On Wed, Mar 07, 2018 at 01:25:36PM -0500, Rich Felker wrote:
> On Tue, Mar 06, 2018 at 10:48:52PM -0500, Rich Felker wrote:
> > On Tue, Mar 06, 2018 at 03:27:41PM -0500, Rich Felker wrote:
> > > Further optimizing: We're not using all the data we already have. Only
> > > alphabetic characters can have case mappings, and we already have an
> > > iswalpha table; the above tables are highly correlated with it.
> > >
> > > If we short-circuit out the whole operation with iswalpha, then the
> > > "000 - no case mappings" value is no longer common.
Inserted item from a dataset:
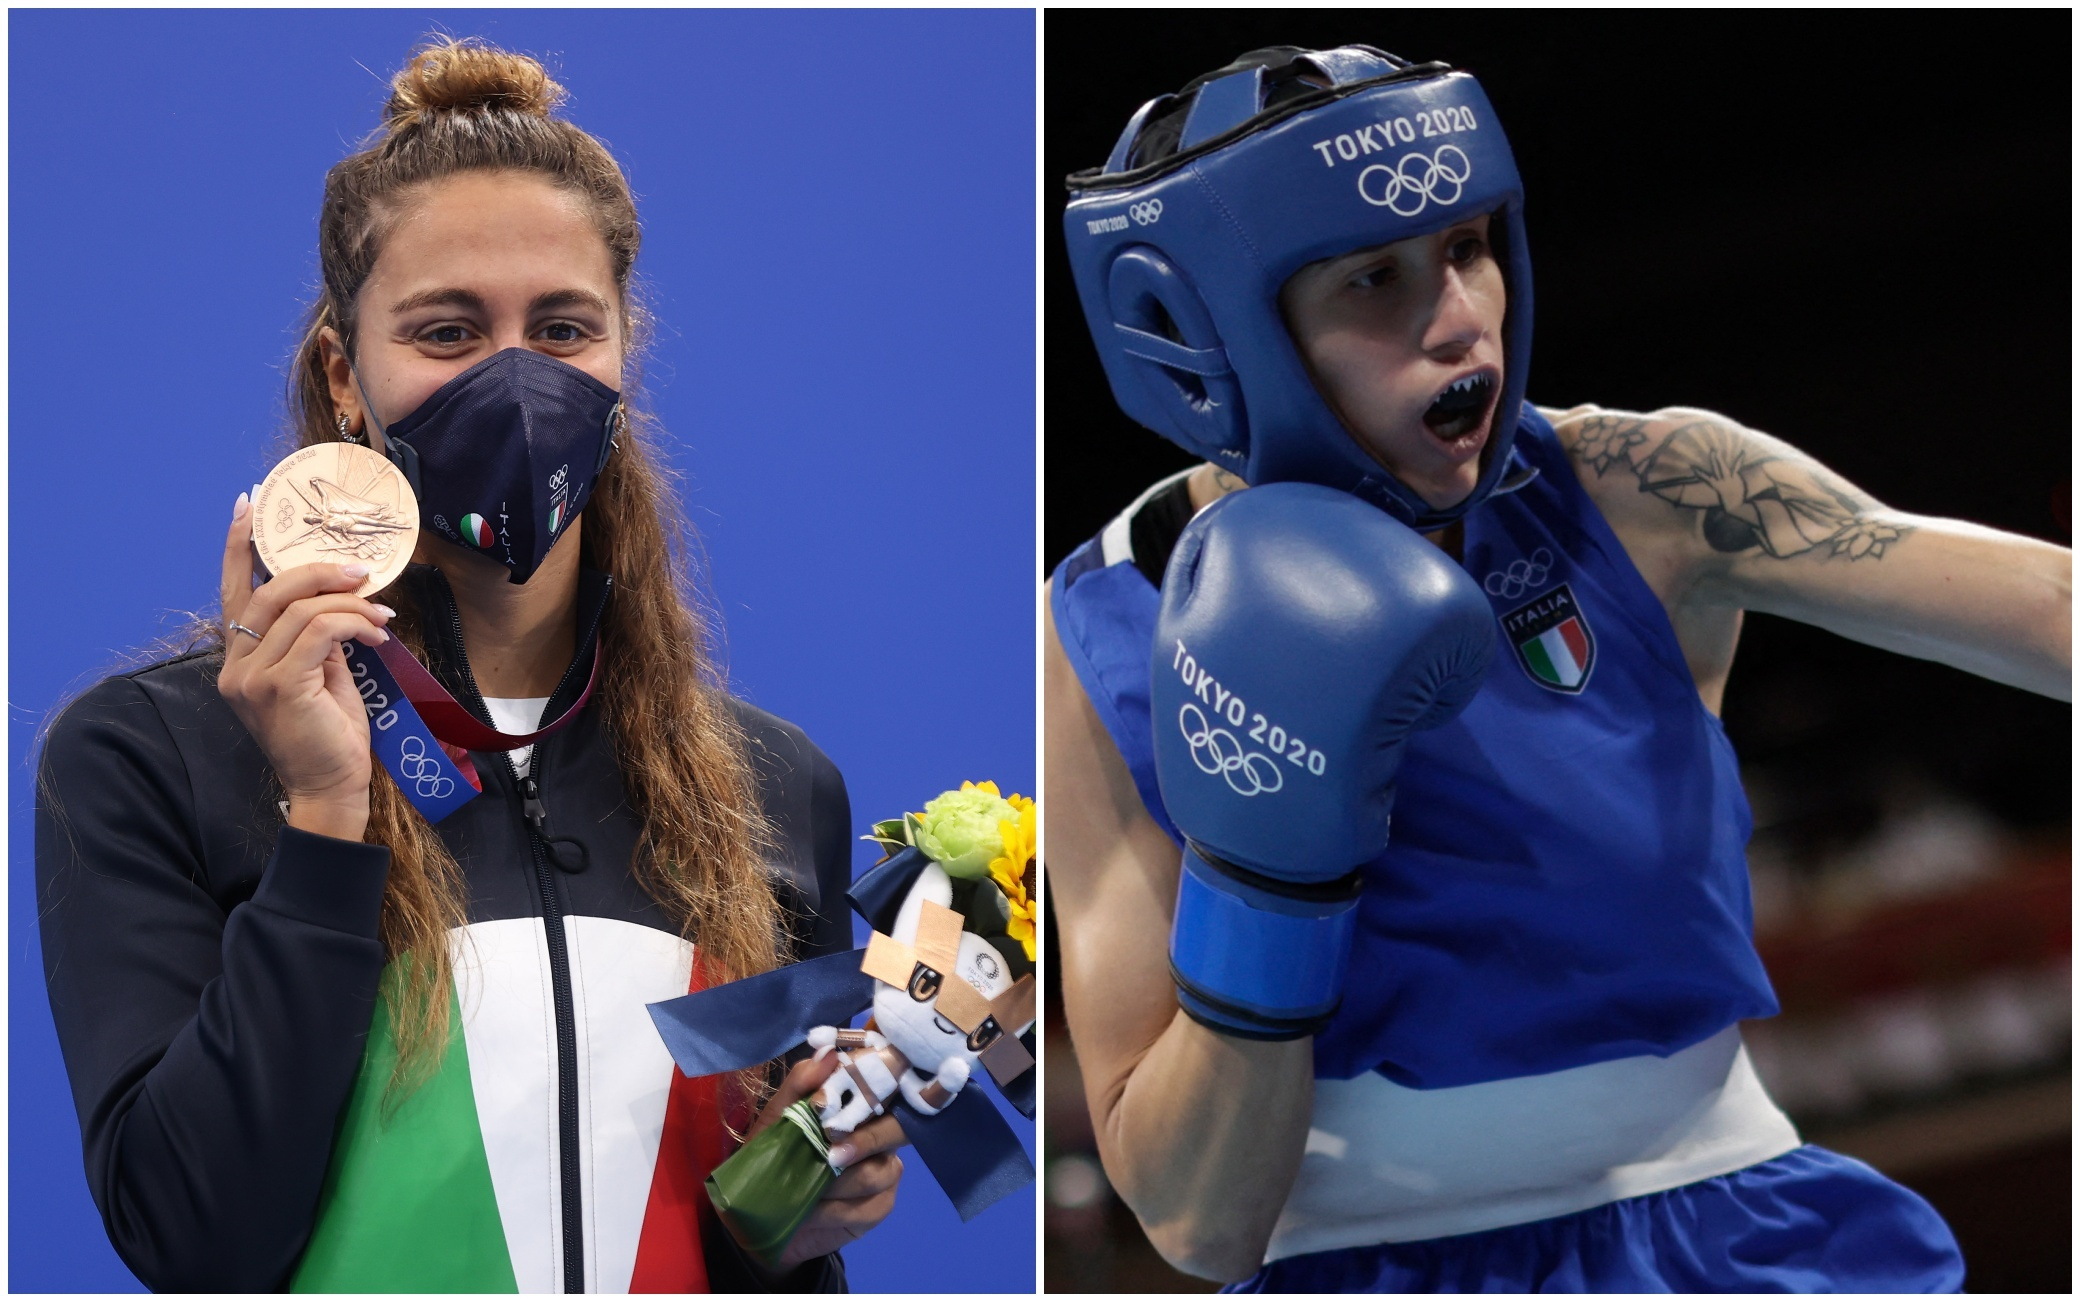 Tokyo altre 4 medaglie azzurre bronzo Quadarella Testa e Pizzolato argento per Nespoli

Instead, "zero is
> > > one of the common deltas" can be included or not on a per-block basis.
> > >
> > > We can also add, along with the per-block common deltas, a table of
> > > which cases each delta goes with, and assign new bit meanings:
> > >
> > > 00 - is case[0] for block, map to ~case[0] via delta[0]
> > > 01 - is case[1] for block, map to ~case[1] via delta[1]
> > > 10 - is case[2] for block, map to ~case[2] via delta[2]
> > > 11 - is exception, map via binary search of exceptions table
> > >
> > > If needed we could add back a third bit here, but I think we can get
> > > by without it.
> > >
> > > Note that, because iswalpha is now short-circuiting non-alphabetic
> > > characters, we can just assign an arbitrary table value (best: 00) to
> > > all non-alphabetic (including unassigned) characters. This drops most
> > > of the "simple blocks" (blocks with just 0 or a single delta) down to
> > > trivial (elided) blocks.
> > >
> > > These last ideas ("further optimizing:" and beyond) were worked out
> > > while writing this email, and I don't yet have any analysis/test code
> > > to go with them. Will follow up later with results. With some luck,
> > > final version will be barely-larger than current code, extensible, and
> > > fast. :)
> >
> > I now have results for this approach which I'm attaching. The output
> > is from my block analysis tool. For each block, it displays case
> > mapping rules sorted by decreasing frequency, with characters that
> > don't matter (because they're non-alphabetic) merged into the most
> > frequent rule. The syntax is:
> >
> >   rule d(t) [f]
> >
> > where t is the character type (n = no case, u = uppercase, l =
> > lowercase, x = exceptional/titlecase), d is the delta to the opposite
> > case character, and f is the frequency of the rule (again, counting
> > merging of dontcare into the most frequent).
> >
> > While the vast majority of blocks are fine with 0-2 bits of rule data,
> > a few do have more than 3 fairly-frequent rules, the worst being
> > blocks 04, 05, and 2C. Having an extra bit would save at least 169
> > exceptions in those, and thus ~676 bytes. The fixed cost of an extra
> > table bit is 512 bytes (for the first level), plus 32 bytes per block
> > that contains data, so it's pretty close to break-even, but keeping
> > the exception table small does help performance too. My leaning would
> > be to add the extra bit, but write a cost function so that it's only
> > used where the 4th-7th frequencies for the block total more than 8
> > (the number of exceptions to break even at 32 bytes).
> >
> > With that approach it looks like we have about 220 entries in the
> > exception tables, 4-5 blocks with a third bit, 21 blocks with a second
> > bit, 24 blocks with a first bit, and 3 table headers. That comes to
> > about 880+160+672+768+1536 = 4k.
> >
> > One thing I haven't accounted for is storing the 3 (or 7) deltas per
> > block. The raw deltas are signed 17-bit, but if we assume mappings
> > don't cross planes they can be thought of as unsigned 16-bit on the
> > low 16 bits of the codepoint. But that's still pretty large -- 3
> > 16-bit numbers by 512 blocks is 3k. Fortunately I think we can do a
> > lot better. First, have a table of all the deltas that ever appear
> > (about 20). Then, for each block, have 0-7 single-byte indices into
> > this table, and a single-byte index to the sequence of indices. Now we
> > just have about 2*20+512+5*7+16*3+3*1 = 638 bytes.
> >
> > 4.6k is a good bit more than I was planning on spending here, so maybe
> > there are still improvements to be made...
>
> And here is a draft of the code that would use the mapping. The
> #ifdef'd external tables are to allow compiling the code without
> actually having table data yet; otherwise gcc optimizes out the whole
> translation unit. :-)

Updated with table output, usable.

It comes out to about 5.5k of rodata+text, compared to about 1.5k for
the awful, slow, manually-maintained code we have now.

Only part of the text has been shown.